Lab

20.10.2016 ― Fame by name

Towards eRum

Background

Little is known about infographics with R. Those tends to be quite a curse word for an academic way of statistics. Too close and too popular by the masses, while taking things less seriously. Putting reality into abstract settings, maybe even executed from the design point of view.

But then again, the motivation and goal for such grotesque output might be different also: just making a point could be enough. Weird shapes and distorted forms of data could be used not to replace the standard graphics, but to bring other way to see the same stuff. Times it is easier to understand the key point, when it is clearly highlighted with a good visualizing. Actually, it could graphically scream THIS IS MY MESSAGE in front of you. An example shall follow.

About R package names

How do people name their children in general? Did your names travel all the way from the ancestors till present day or were you born by chance on the peak of LOTR hype? Maybe the name variety in your country is already settled to couple of options? [1] Maybe the parents wanted to test the humor of local DBA in the social security systems and named you 'Drop Table'? Many ways to end up with the final choice.

But when it comes to actual R packages, there are many reasons for selecting a name. Such as naming by creators or giving honor to the content. Sometimes it's straightforward from abbreviation, very descriptive content word or just an R adaptation from The Da Vinci Code [2]. As long as it would be something an R user (with reasonable sized memory capability) would be able to remember, the choice just might be enough. There seem not be any formal standard, but at least I haven't seen any name starting with pure numbers or special characters. Guess the name should be given artistic liberties, as variation makes random library browsing very interesting hobby.

About keyboards

QWERTY is not the only option for keyboard. I never thought about it, but realized this while reading Donald A. Norman's [3] legendary book, The Design of Everyday Things – that was written already decades ago. Despite the time interval here and turning focus from ignorance to the topic: does Dvorak sound familiar? The legend says this keyboard layout should be faster and more ergonomic compared to QWERTY ones. Even if in theory its better solution, in real life this challenger never replaced the QWERTY keyboard. As Norman put it later on the book, re-designing an old idea and selling it with new format, is much harder than bringing totally new concept into the market. Sad, since development might not happen if things are stuck with version 1.0 by general vote.

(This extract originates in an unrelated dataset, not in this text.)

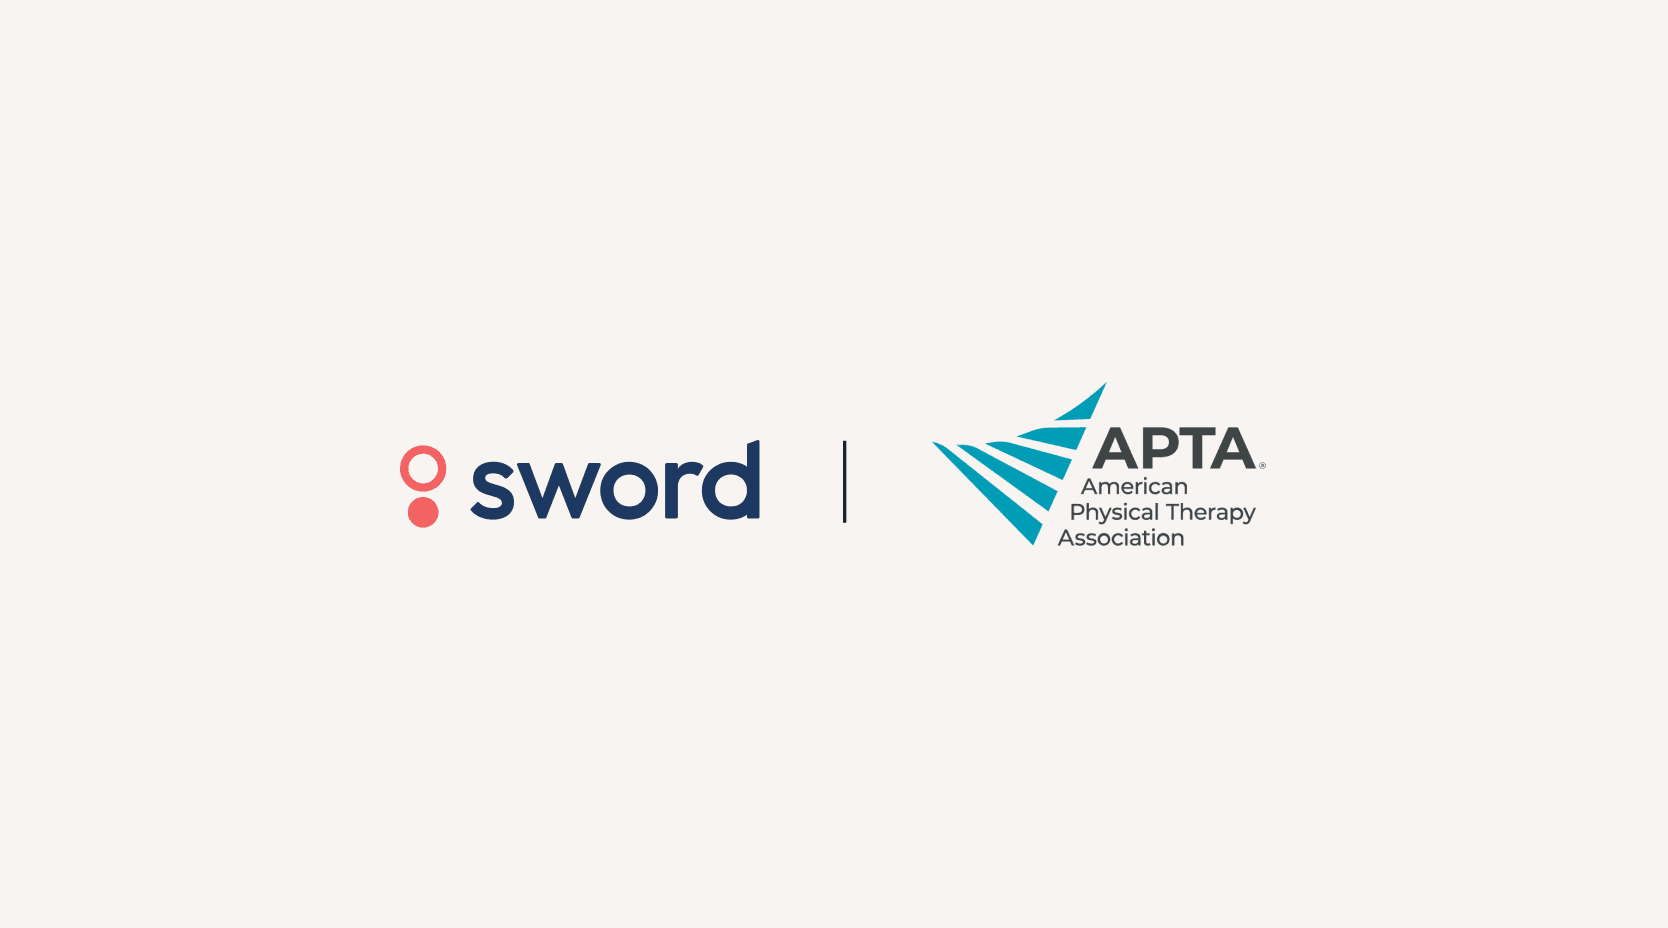 Sword and APTA

Since the infographics were supposed to be targeting the masses, the execution should therefore be done by the market leader version. Thus output device of R will be turned to QWERTY keyboard field.

Execution

Keyboard are by default, usually, sold with lame colors. Therefore, the version to be published with eRum slides should be colorful and celebrate the results. With package RColorBrewer I've found many use. Not just taking advantage from pre-defined color palettes, but making your own is easy and neat. Just picking few shades and the functions will settle the rest shades between them. Worth trying every time. Yet, if scaling the colors by equal intervals, might be smart to pick colors that won't distort the values. Palette must be reliable within its levels.

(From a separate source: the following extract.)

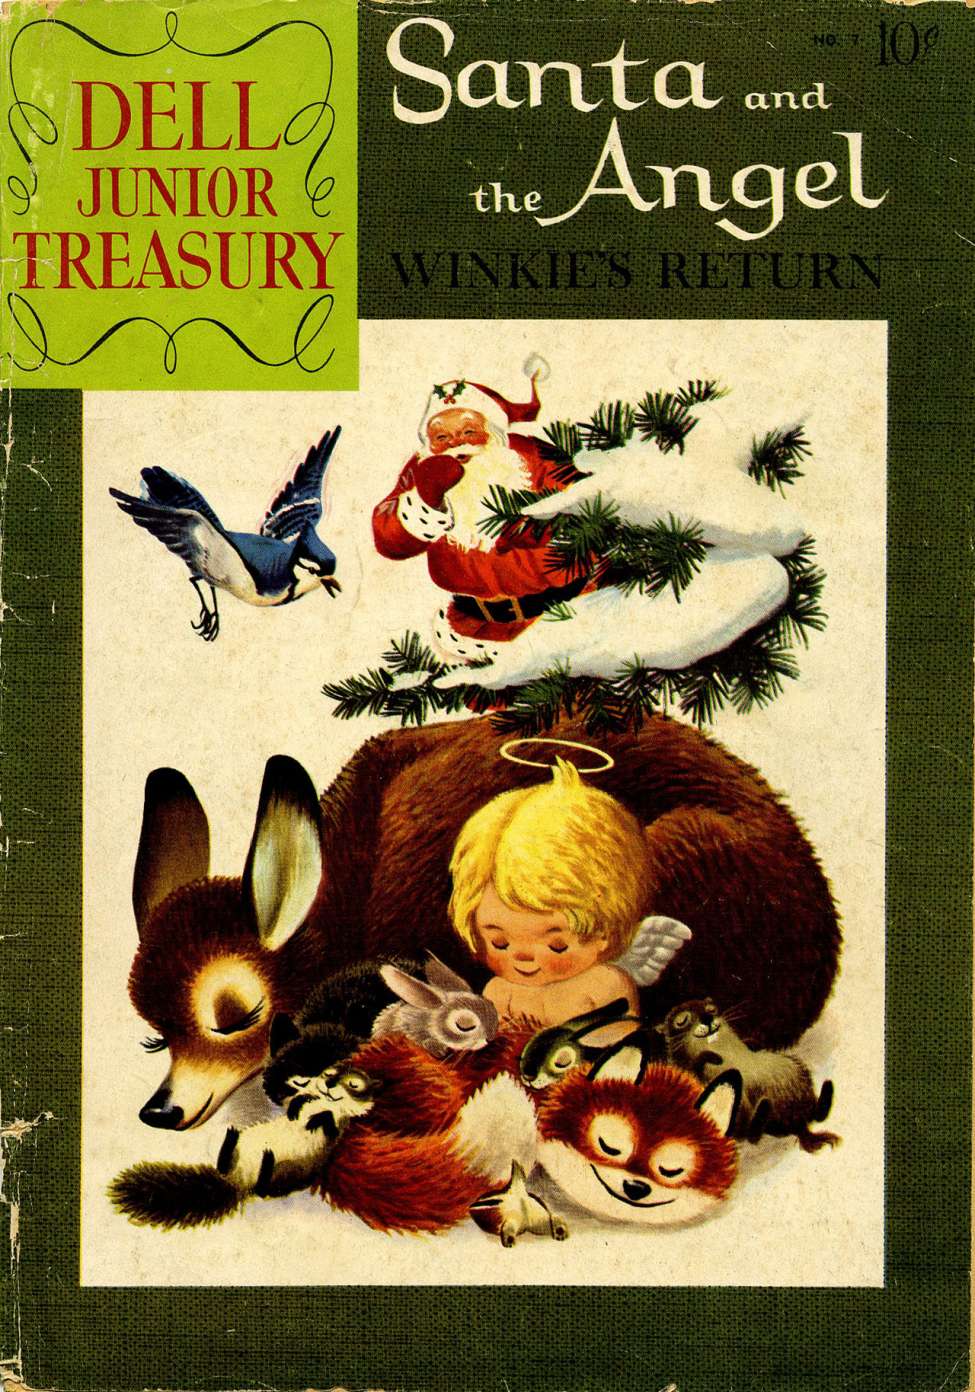 Book Cover For Dell Junior Treasury 7 - Santa and the Angel

Available R-packages can be found here [4]. Idea of the execution was to check whether package names are distributed same way as normal names/words. Thus founding semi-random electrical dictionary with 300t+ words looked more than ok to become the base for comparison data. Excluding from dictionary the words starting with R-illegal characters and creating an infographic with two keyboard formation – the results looked as above [5]. The darker the key background color is, the bigger occurrence rate the letter has in the data.

The conclusion is that R packages tend to be named with initial R quite often. Which is bit trivial: they do are R packages – so they have the R already in the content and as the language! Yey! Could be tactical move, to name any package with other initial than R, as things tend to melt into the mass. If anyone uses the UI for installing and loading, finding a package that is located in the beginning or at the end of alphabets makes it easily accessed. Or if using rather rare initial letters, the internet search might find unique name easier that one of the ten package-doppelgängers.

End result


Do use R, please.
But maybe less with naming?

Giving just an idea here...